Data below —
★ ★ ★ ★ ★ ★ ★
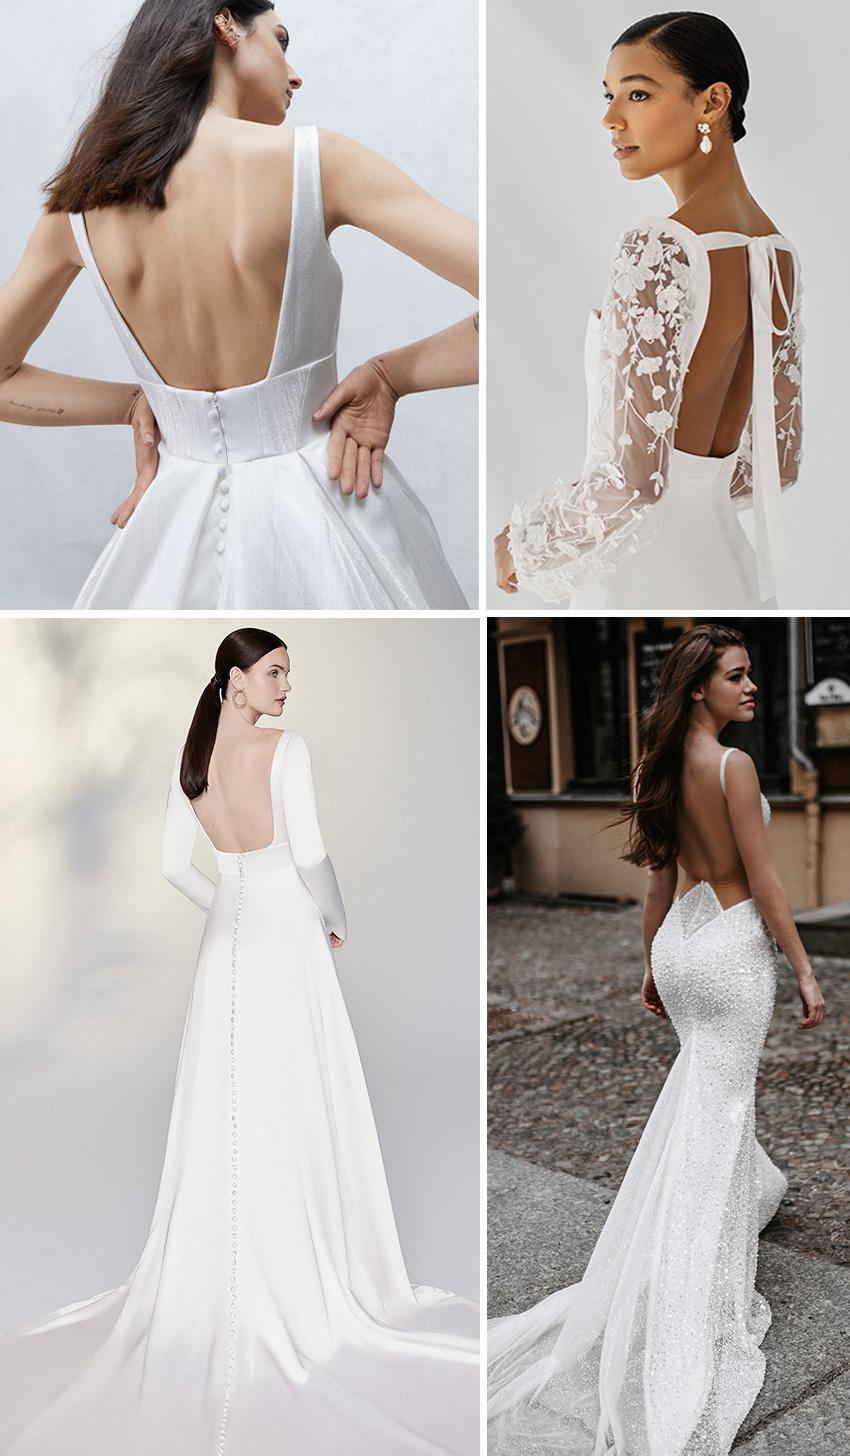 2022 bridal trends from NY Luxury Bridal Fashion Week
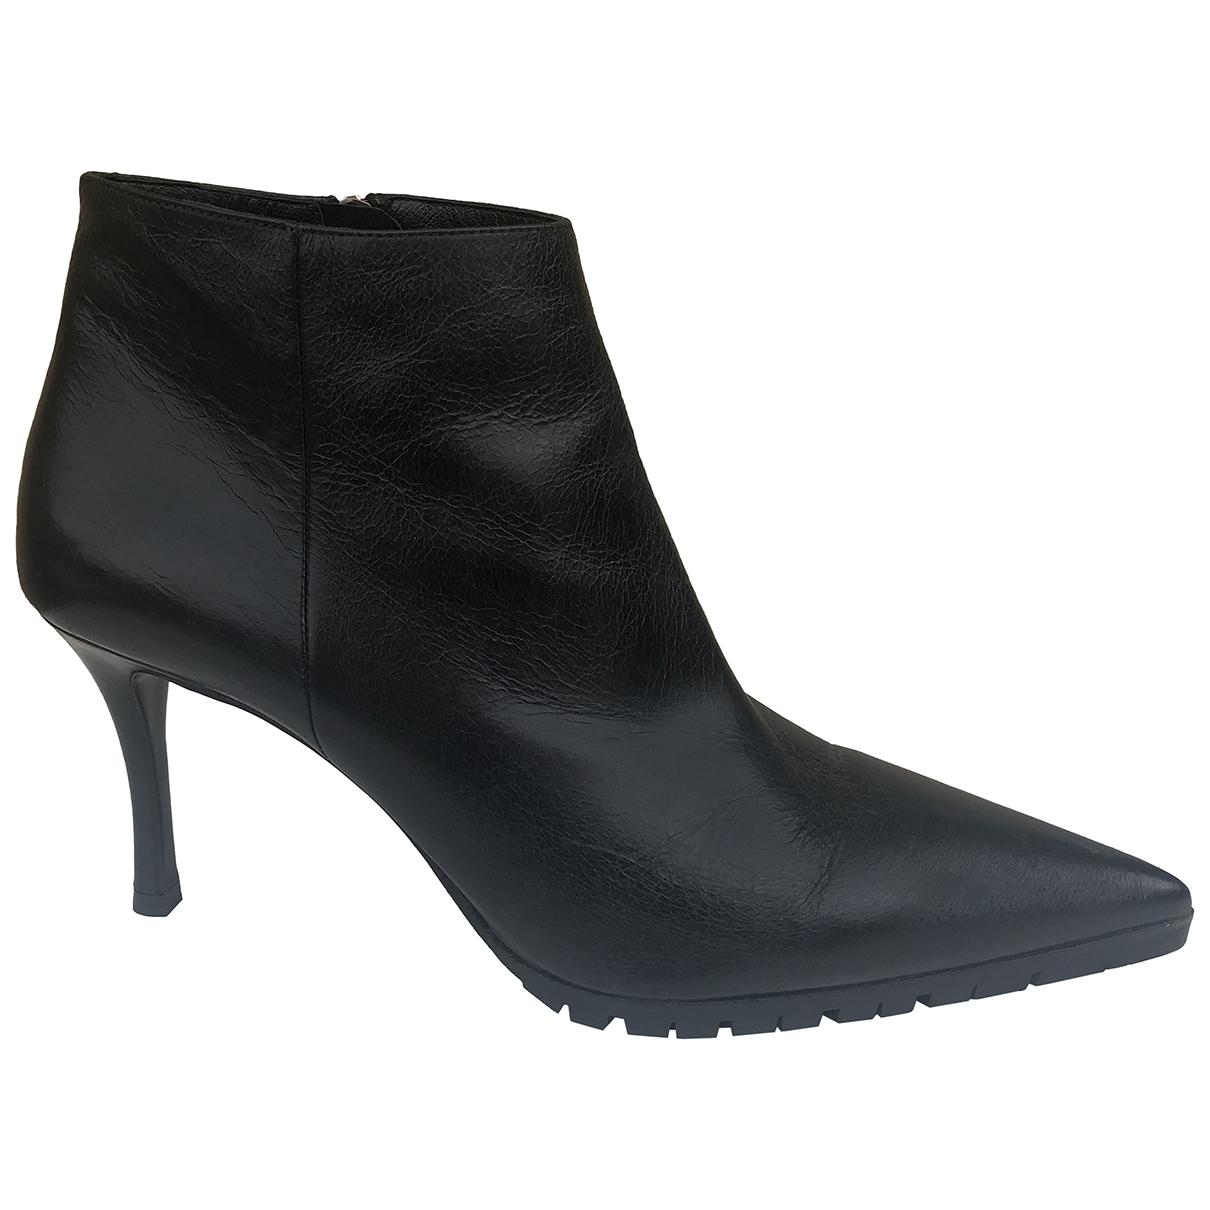 Miu Miu \N Black Leather Ankle boots for Women 41 EU
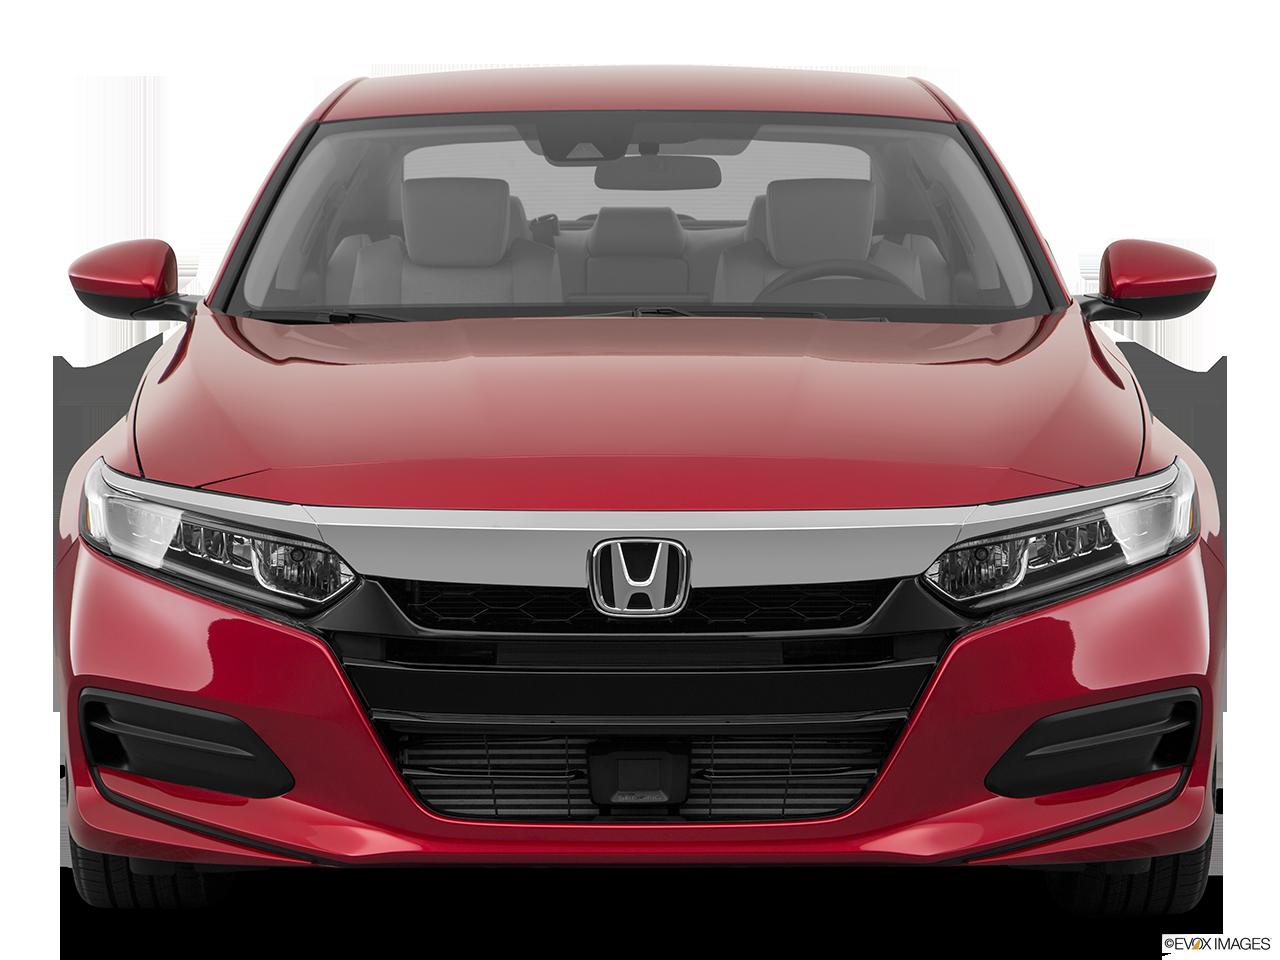 2019 Honda Accord photo
★ ★ ★ ★ ★ ★ ★
Work to complete — Copy, without the pictures, exactly the lines from the line with "Miu Miu \N Black" through the end of the material above, both ends included.

Output —
 Miu Miu \N Black Leather Ankle boots for Women 41 EU
 2019 Honda Accord photo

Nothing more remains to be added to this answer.